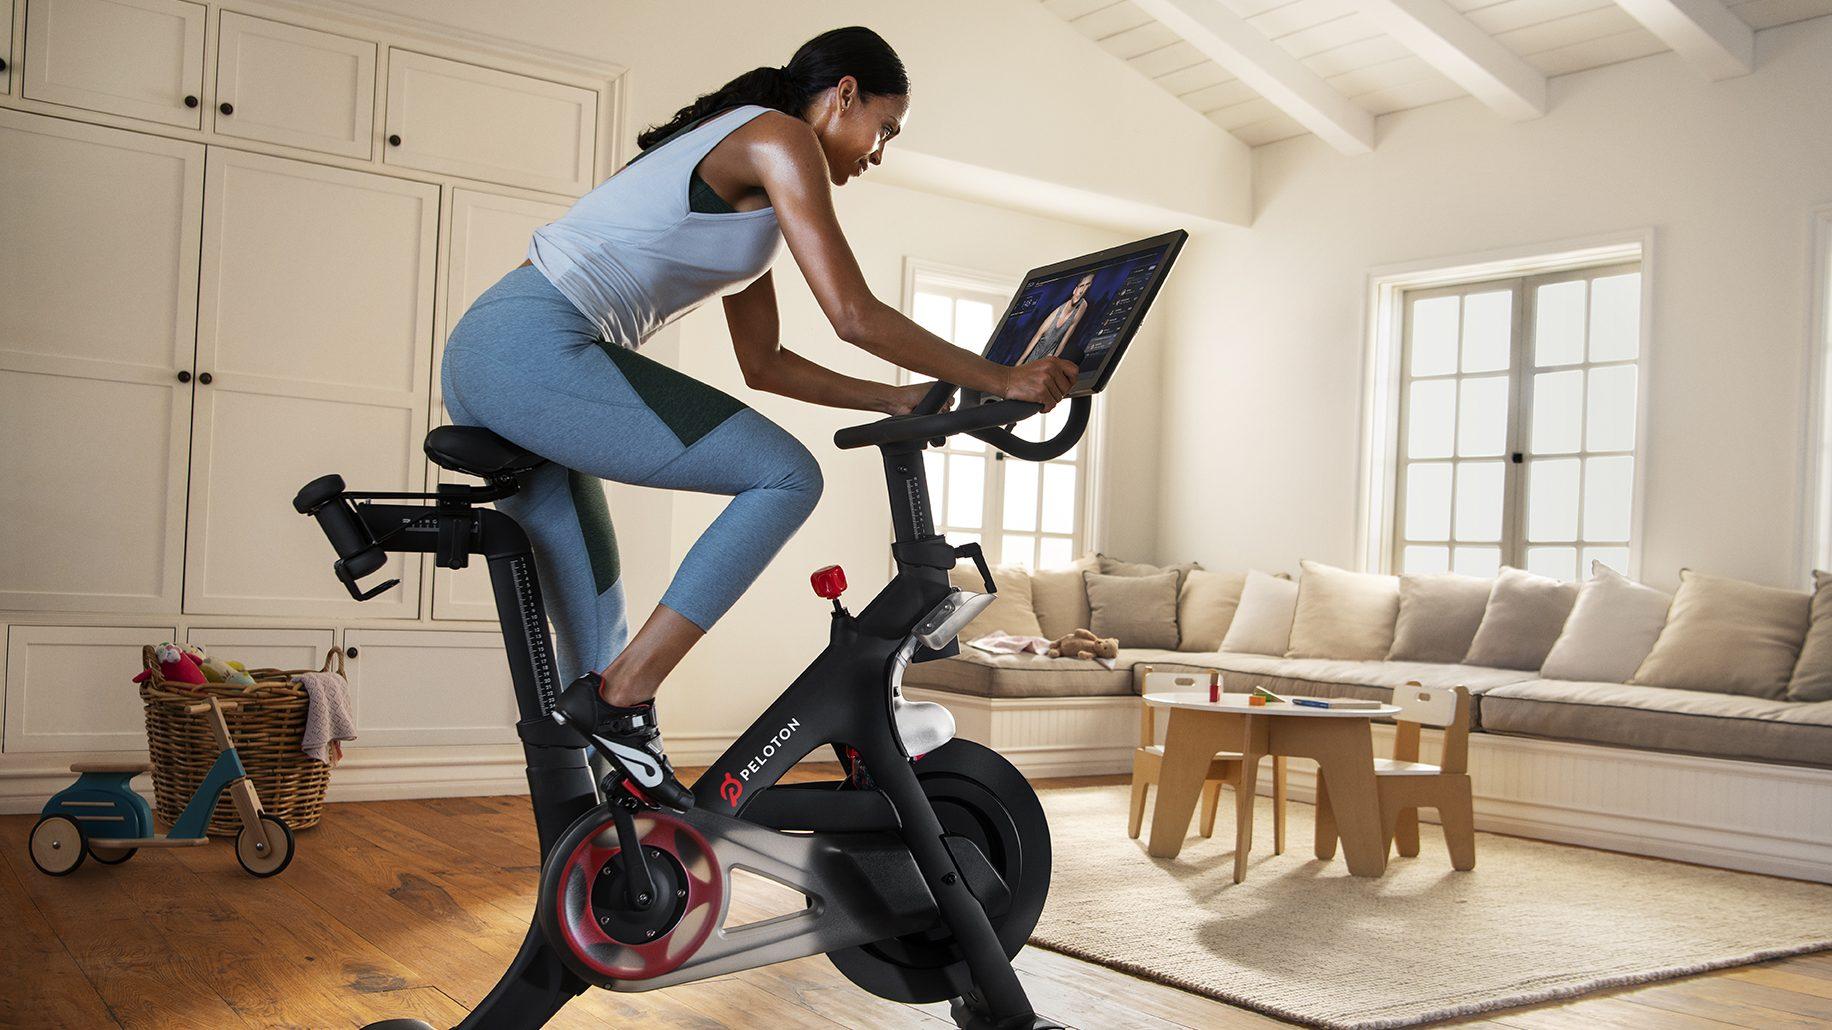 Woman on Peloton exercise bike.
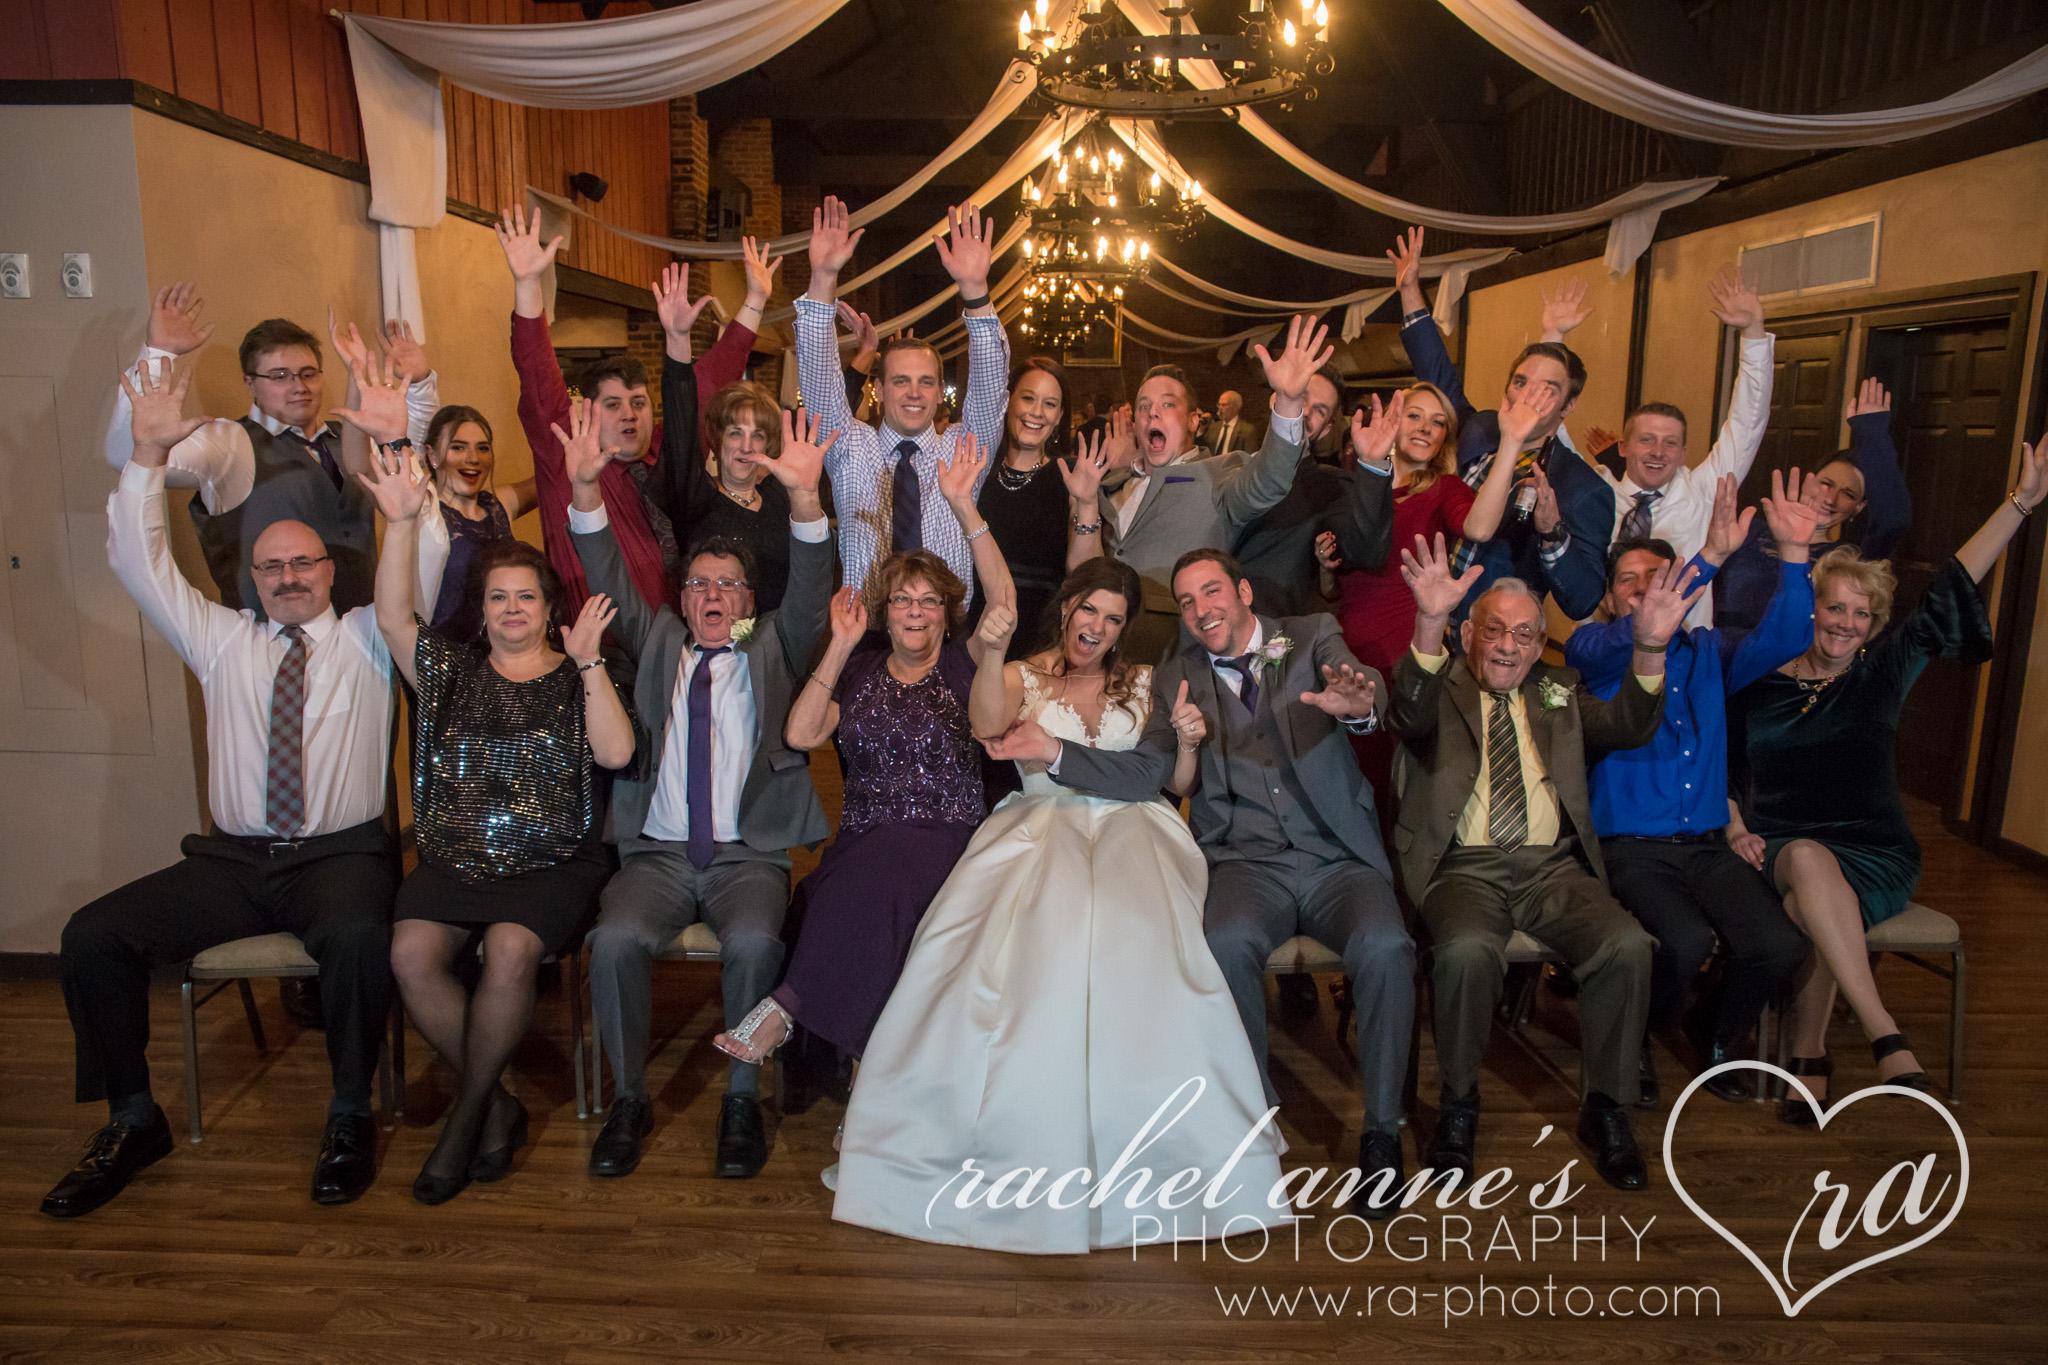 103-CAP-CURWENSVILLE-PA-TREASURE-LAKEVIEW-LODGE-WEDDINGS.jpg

========

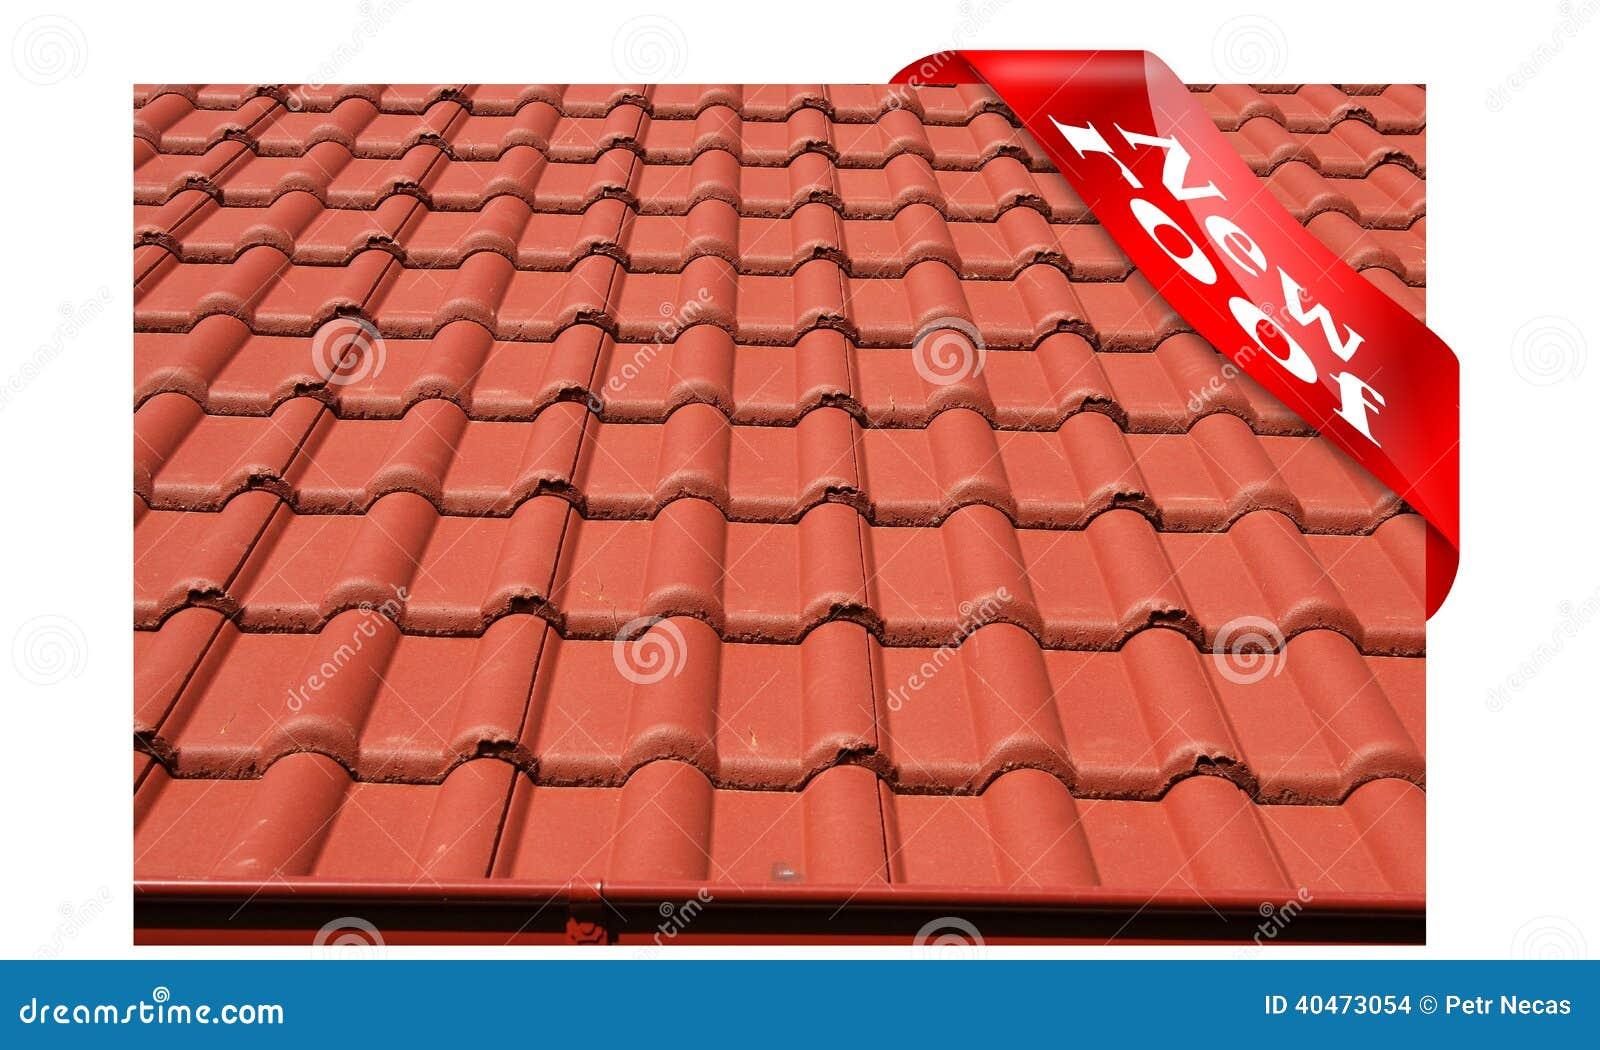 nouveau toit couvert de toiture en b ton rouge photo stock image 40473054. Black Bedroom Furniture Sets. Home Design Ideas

========

→ Exercise
Everything above from the line containing "Woman on Peloton exercise bike." down to the line containing "103-CAP-CURWENSVILLE-PA-TREASURE-LAKEVIEW-LODGE-WEDDINGS.jpg" is to be duplicated exactly, both lines included, and the pictures are to be omitted.

→ The completed task
 Woman on Peloton exercise bike.
 103-CAP-CURWENSVILLE-PA-TREASURE-LAKEVIEW-LODGE-WEDDINGS.jpg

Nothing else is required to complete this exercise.